1. **Clarity**: Numbered substudies show chronological progression
2. **Self-Documenting**: Each substudy explains its purpose
3. **Easy Comparison**: All results in one place (3_reports/)
4. **Less Clutter**: Study root only has essential files

### For Developers

1. **Predictable Structure**: Scripts can rely on consistent paths
2. **Automated Discovery**: Easy to find all substudies programmatically
3. **Version Control**: Clear history through numbered substudies
4. **Scalability**: Works for 5 substudies or 50

### For Collaboration

1. **Onboarding**: New team members can understand study progression quickly
2. **Documentation**: Substudy READMEs explain decisions made
3. **Reproducibility**: Clear configuration history
4. **Communication**: Easy to reference specific substudies in discussions

---

## FAQ

### Q: Should I reorganize my existing study?

**A**: Only if:
- Study is still active (more substudies planned)
- Current organization is causing confusion
- You have time to update documentation references

Otherwise, apply to future studies only.

### Q: What if my substudy doesn't have a fixed trial count?

**A**: Use descriptive name instead:
- `05_refined_search_until_feasible`
- `06_sensitivity_sweep`
- `07_validation_run`

### Q: Can I delete old substudies?

**A**: Generally no.
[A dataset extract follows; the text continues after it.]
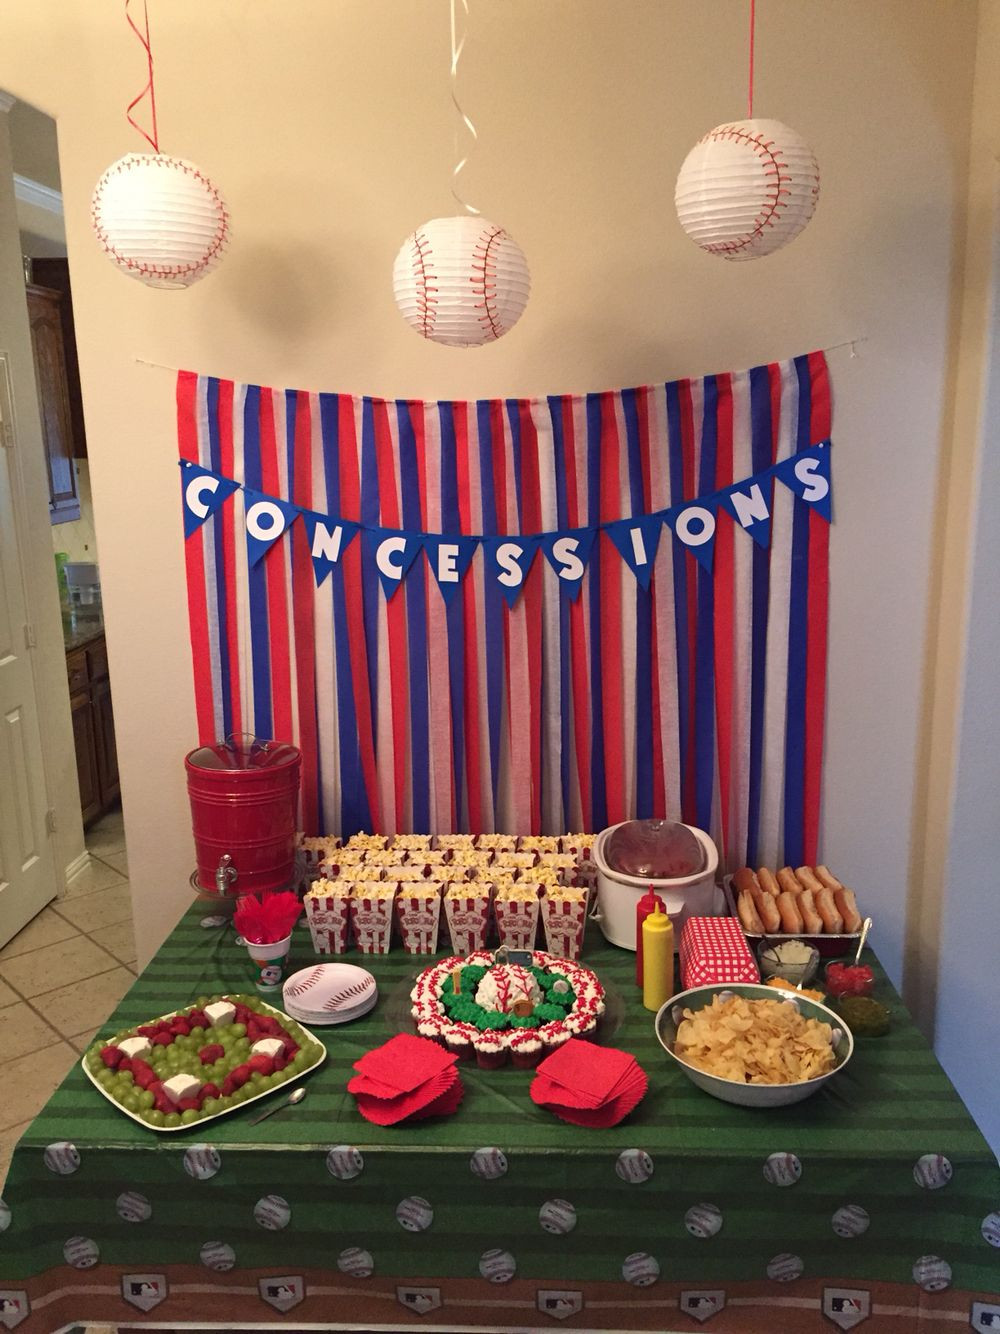 Baseball Themed Birthday Party Ideas
 Baseball themed Birthday party

Keep for:
- Historical record
- Lessons learned
- Reproducibility

If disk space is critical:
- Use model cleanup to delete CAD/FEM files
- Archive old substudies to external storage
- Keep metadata and results.json files

### Q: Should benchmarking be a substudy?
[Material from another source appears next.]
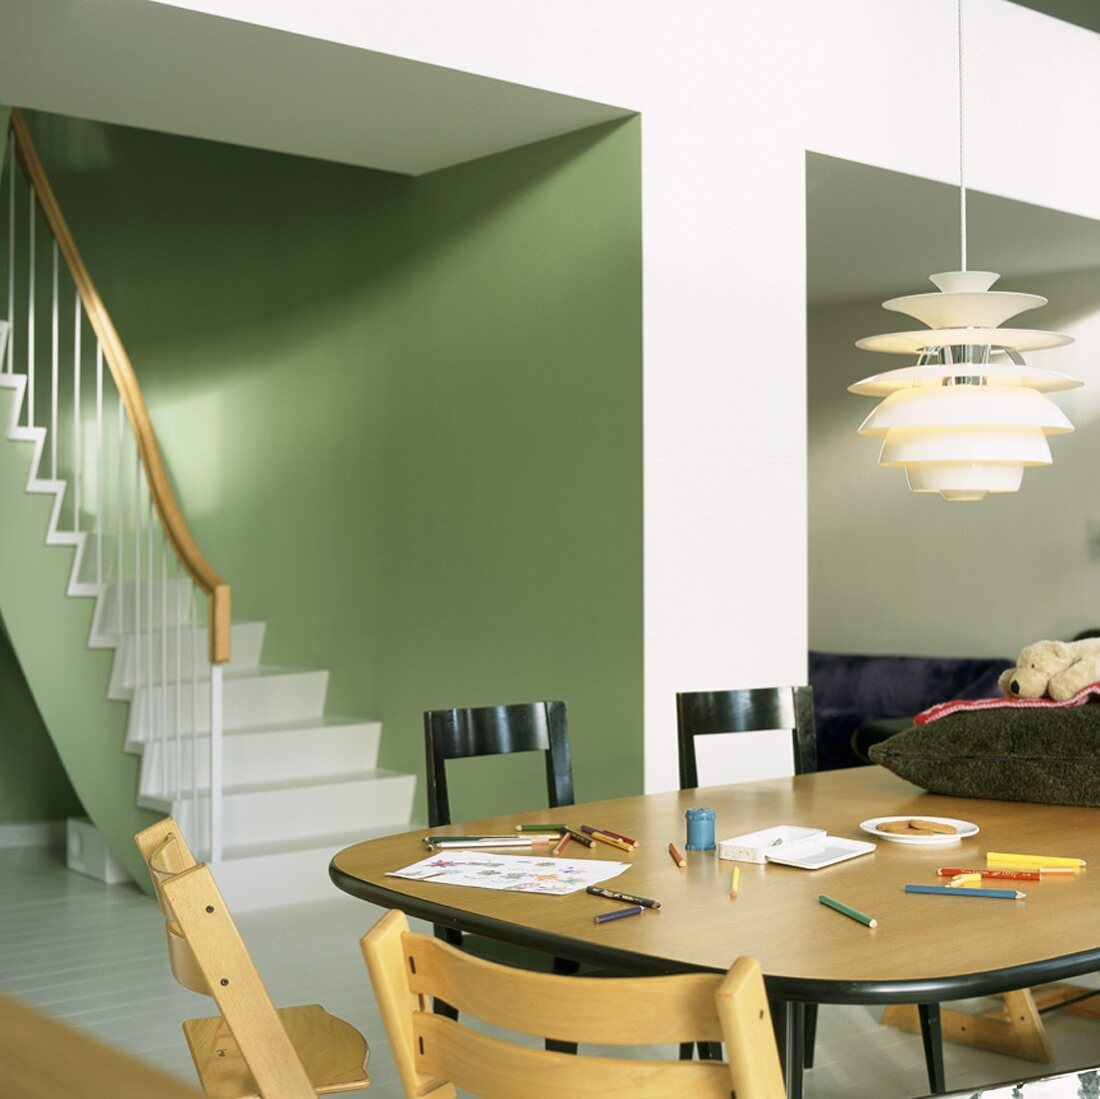 Kinderstühle und ein Vintagetisch mit Buntstiften in einem grünen Wohnraum

**A**: No. Benchmarking validates the baseline model before optimization. It belongs in `1_setup/benchmarking/`.

### Q: How do I handle multi-stage optimizations?

**A**: Create separate substudies:
- `05_stage1_meet_constraint_20trials`
- `06_stage2_minimize_mass_30trials`

Document the relationship in substudy READMEs.

---

## Summary

**Current Organization**: Functional but has room for improvement
- ✅ Substudy isolation works well
- ⚠️ Documentation scattered across levels
- ⚠️ Chronology unclear from names alone

**Proposed Organization**: Clearer hierarchy and progression
- 📁 `1_setup/` - Pre-optimization (model, benchmarking)
- 📁 `2_substudies/` - Numbered optimization runs
- 📁 `3_reports/` - Comparative analysis

**Next Steps**:
1. Decide: Reorganize existing study or apply to future only
2. If reorganizing: Follow migration guide
3. Update `study_metadata.json` with all substudies
4. Create substudy README templates
5. Document lessons learned in study-level docs

**Bottom Line**: The proposed organization makes it easier to understand what was done, why it was done, and what was learned.